Reputation: 32091
Java Array, Finding Duplicates
I have an int array, and am looking for duplicates.
int[] zipcodelist = // ...
duplicates = false;
for(j = 0; j < zipcodeList.length; j++){
for(k = 0; k < zipcodeList.length; k++){
if (zipcodeList[k] == zipcodeList[j]){
duplicates = true;
}
}
}
However, this code doesn’t work when there are no duplicates. duplicates still ends up being true. Why’s that?
Upvotes: 71
Views: 294904
Answers (20)
Reputation: 939
Example:
int[] array = {10, 2, 2, 3, 19, 5, 6, 7, 16, 17, 18, 19};
Set<Integer> duplicates = new HashSet<>();
for (int i = 0; i < array.length - 1; i++) {
for (int j = i + 1; j < array.length; j++) {
if (array[i] == array[j]) {
duplicates.add(array[i]);
}
}
}
System.out.println(duplicates);
Output: [2, 19]
Upvotes: 0
Reputation: 1
class Solution {
public int findDuplicate(int[] nums) {
int pre =nums[0], i=0,p=0;
while(i<nums.length){
if(nums[pre]!=-1){
p = nums[pre];
nums[pre] =-1;
pre =p;
}
else {
break;
}
i++;
}
return pre;
}
public static void main(String args[]){
int [] arr = {1,3,4,2,2};
System.out.println(findDuplicate(arr));
}
}
Upvotes: 0
Reputation: 1
public class Rough_work {
public static void main(String[] args){
int arr[] = new int[]{1,2,1,3,2,3,1,4,5,4};
int dup = 0;
for(int i = 0; i<arr.length;i++){
for(int j =i+1; j<arr.length;j++){
if(arr[i] == arr[j]){
System.out.print(arr[i]);
break;
}
}
}
}
}
Upvotes: 0
Reputation: 1
import java.util.*;
class Example{
public static boolean duplicate(int[] a) {
for (int i=0 ; i<a.length-1 ; i++){
for (int j = i+1; j<a.length ; j++){
if(a[i]==a[j]){
return true;
}
}
}
return false;
}
public static void main(String []args) {
int[] ar={34,65,87,19,94,72,83,47,89};
System.out.println(Arrays.toString(ar));//[34,65,87,19,94,72,83,47,89]
System.out.println("ar is a duplicate array : " + duplicate(ar)); //false
int[] br={34,65,87,19,94,72,83,94,89};
System.out.println(Arrays.toString(br));//[34,65,87,19,94,72,83,94,89]

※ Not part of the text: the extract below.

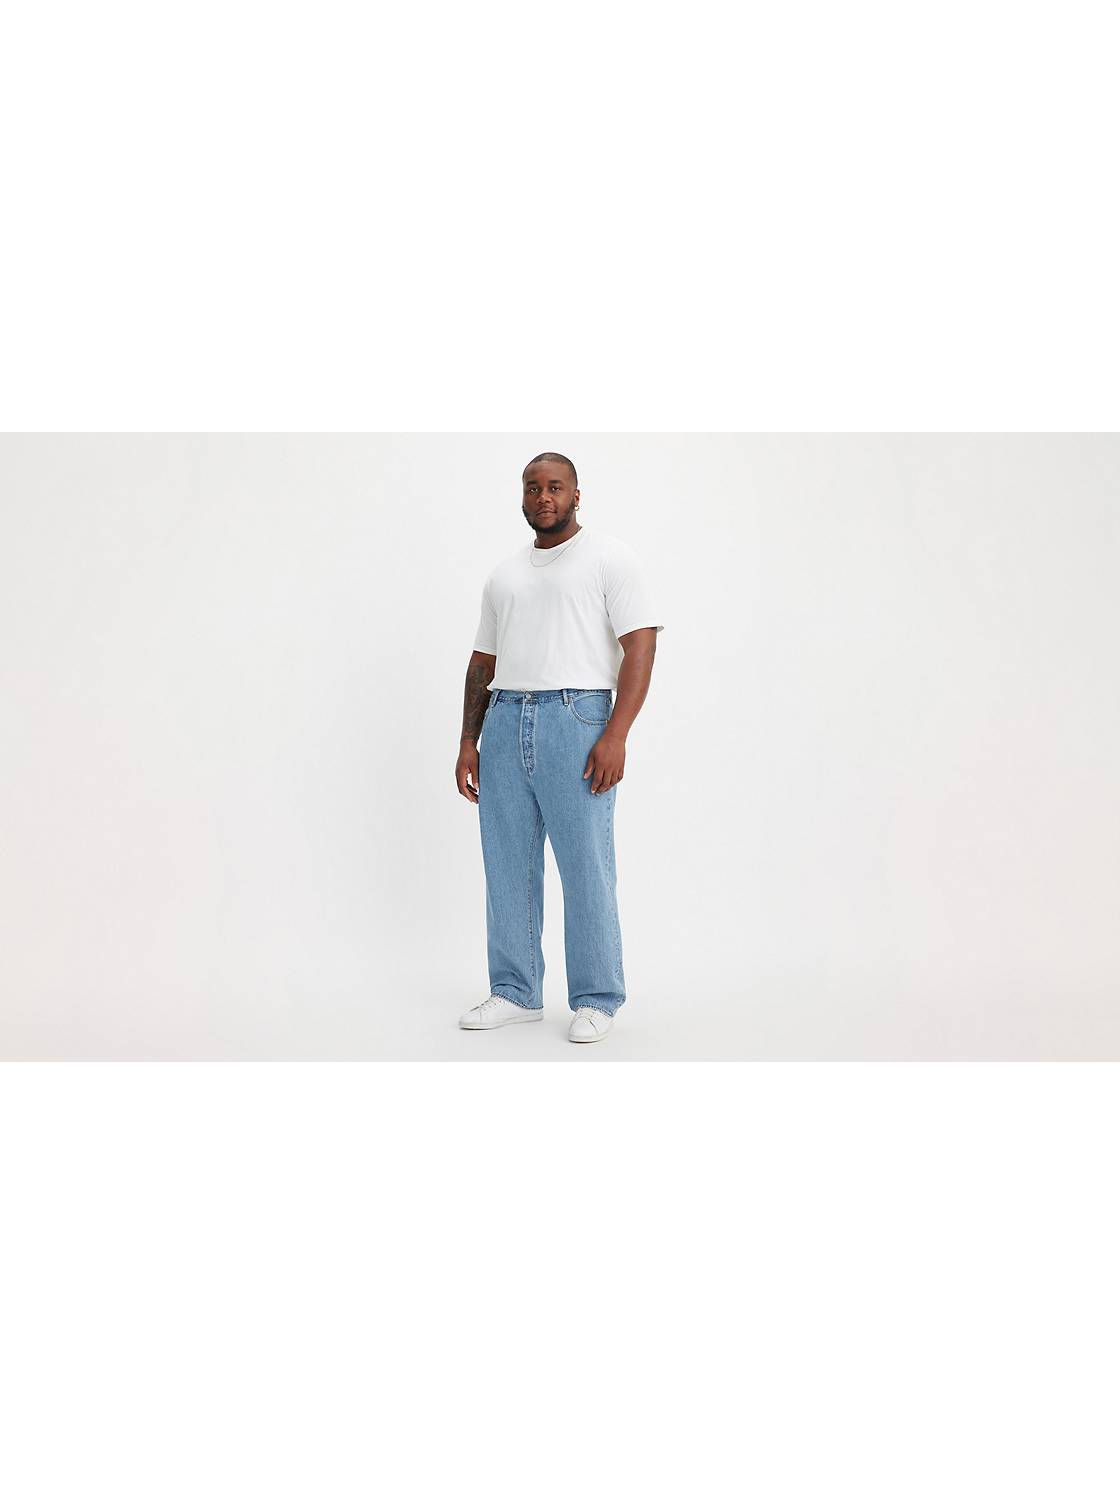 Big and Tall Light Wash Jeans for Men

System.out.println("br is a duplicate array : "+ duplicate(br)); //true
}
}
Upvotes: 0
Reputation: 1
public static <T> Set<T> getDuplicates(Collection<T> array) {
Set<T> duplicateItem = new HashSet<>();
Iterator<T> it = array.iterator();
while(it.hasNext()) {
T object = it.next();
if (Collections.frequency(array, object) > 1) {
duplicateItem.add(object);
it.remove();
}
}
return duplicateItem;
}
// Otherway if you dont need to sort your collection, you can use this way.
public static <T> List<T> getDuplicates(Collection<T> array) {
List<T> duplicateItem = new ArrayList<>();
Iterator<T> it = array.iterator();
while(it.hasNext()) {
T object = it.next();
if (Collections.frequency(array, object) > 1) {
if (Collections.frequency(duplicateItem, object) < 1) {
duplicateItem.add(object);
}
it.remove();
}
}
return duplicateItem;
}
Upvotes: 0
Reputation: 442
public static void findDuplicates(List<Integer> list){
if(list!=null && !list.isEmpty()){
Set<Integer> uniques = new HashSet<>();
Set<Integer> duplicates = new HashSet<>();
for(int i=0;i<list.size();i++){
if(!uniques.add(list.get(i))){
duplicates.add(list.get(i));
}
}
System.out.println("Uniques: "+uniques);
System.out.println("Duplicates: "+duplicates);
}else{
System.out.println("LIST IS INVALID");
}
}
Upvotes: 0
Reputation: 11
This program will print all duplicates value from array.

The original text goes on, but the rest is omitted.